Но они не понимали. Они сидели и хмуро пялились на чертеж, а Йорг все потчевал их рассказами про Скифию, в которой живут татары с синими лицами, те, что вместо одежды натягивают на себя кожу убитых врагов, а также беловолосые альбаны с побережья, так умело натаскивающие своих собак, что те приносят им туши быков, львов и даже слонов. Братия же истолковывала его рассказы по-своему: это, мол, к тому, что папы обратили в лоно Церкви остготов. Быки — это тираны, львы — мавры, а слоны — все остальные племена Востока. Когда он рассказывал им о слонах Мавритании, выводящих заплутавшихся путников из дебрей, в их представлении слоны превращались в Моисея, взошедшего на гору Синай, а когда он говорил о тех же самых слонах, но только индийских, боевых, монахи превращали их в фараоновы армии, что преследовали Моисея и затем утонули. Йорг расстраивался и тосковал все больше.
— Слон — это просто животное исключительных размеров, — объяснял приор. — Он большой, как дом, но хвост у него — как у крысы. Он покрыт панцирем, но брюхо у него мягкое, и враги знают, что это его слабое место. Он питается деревьями, камнями, но больше всего любит овес. Когда его надо перевезти через море, он ни за что не взойдет на корабль, пока не получит твердых заверений в том, что его привезут обратно, а приручить это животное можно только с помощью солодового пива. Главный враг слона — дракон, который высасывает из крови слона уверенность, а как насосется, так его всего раздувает, и часто бывает, что бедный обессилевший слон падает на него и его чешуйчатый враг взрывается. Такова природа слонов.
Но его не слушали. Он показывал им очертания земли Эфиопской, Нумидии, Египта, расписывал реки — Оксус, Инд, Истер. Но братья искали в его речах тайный смысл, шифр, абстракцию. Ужасные камелопарды были символами чревоугодия, хамелеоны означали вероотступничество. Он принимался рассказывать о попугаях, тиграх, тапирах. И тогда вставал брат Берндт, или Ханс-Юрген, или кто другой:
— Отец, а тапир — это зверь, олицетворяющий похоть?
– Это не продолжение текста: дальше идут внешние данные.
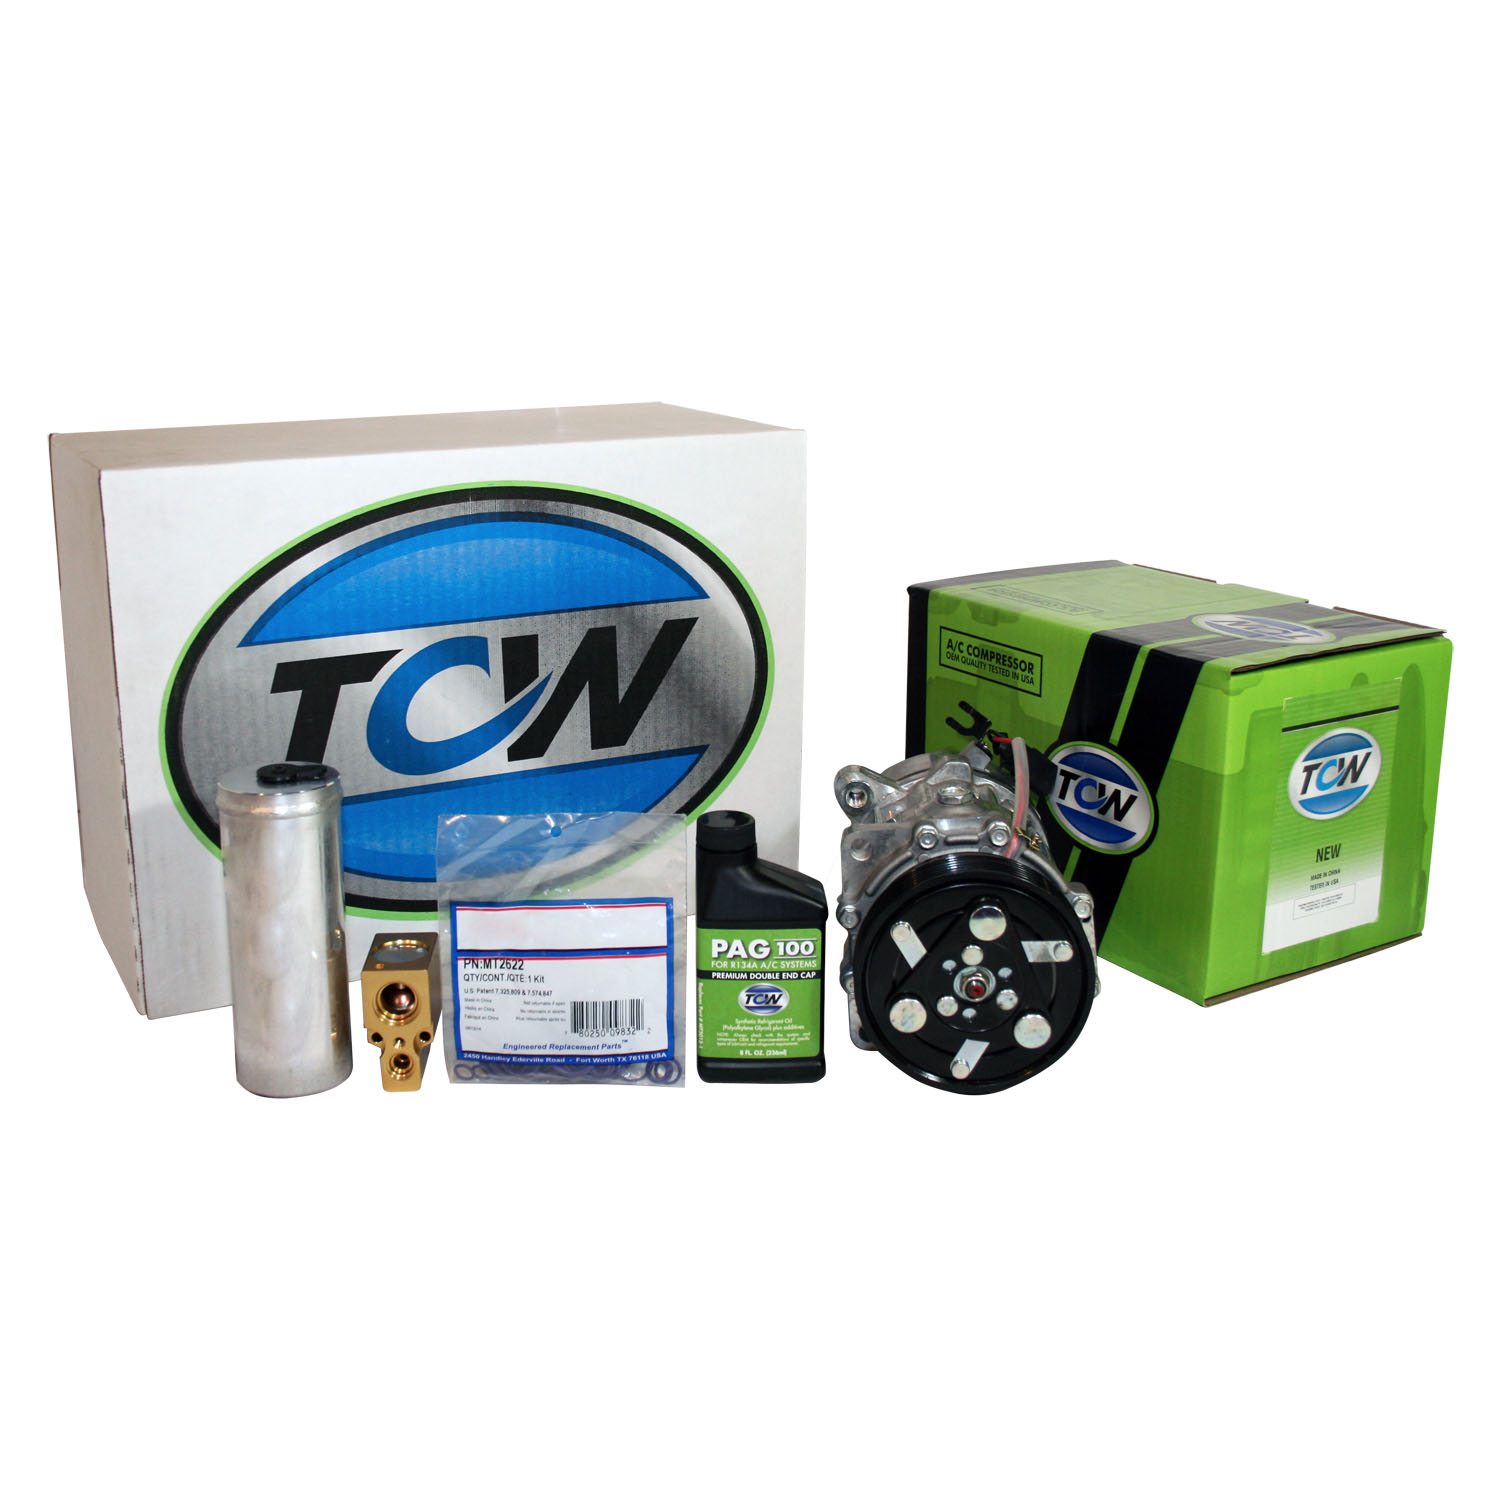 TCW Vehicle A/C Kit K1000275N New Product Image field_60b6a13a6e67c

— Тапир — просто тапир, — терпеливо втолковывал он. — Это такая свинья с копытами, и живет она возле острова Тапробана.
Некоторое время они переваривали сказанное, а потом кто-нибудь из братьев подавал голос:
— Мне казалось, мы уже определили, что Тапробана обозначает ложный, приманчивый рай, не рай земной из восточных сказаний, а его украшенную фальшивыми каменьями имитацию, которая совращает людей…
— Нет! — пытался перебить Йорг.
— …с пути праведного.
— Вы все неправильно понимаете! Я говорю не о символе веры, а о настоящем острове! О мире, в котором мы живем!
Но в глубине души он понимал, что все не так просто. Да, его монахи бродили по всему острову и заводили устойчивые отношения с местными, но все равно оставались узниками своей церкви. Они не видели ничего дальше ее стен, и теперь, когда церковь рушилась, когда сдавал ее фундамент, рушилось все под ними. Перед мысленным взором приора вставала картина: церковь медленно ползет вниз с обрыва и погружается в море, а монахи, взгромоздившись на ее крышу, обмениваются сварливыми комментариями: «Не бойтесь, братья! Наша церковь — это второй Ковчег, на котором поплывем мы к Арарату, что Господь наш для нас воздвигнул…»; «Нет, нет, мы все — Ионы, и наша церковь — это кит, посланный, дабы оторвать нас от народа нашего…»; «Чепуха! Господь изгнал нас из сада своего, ибо мы грешники. Вы чувствуете, как холодна вода? Братья? Братья!..».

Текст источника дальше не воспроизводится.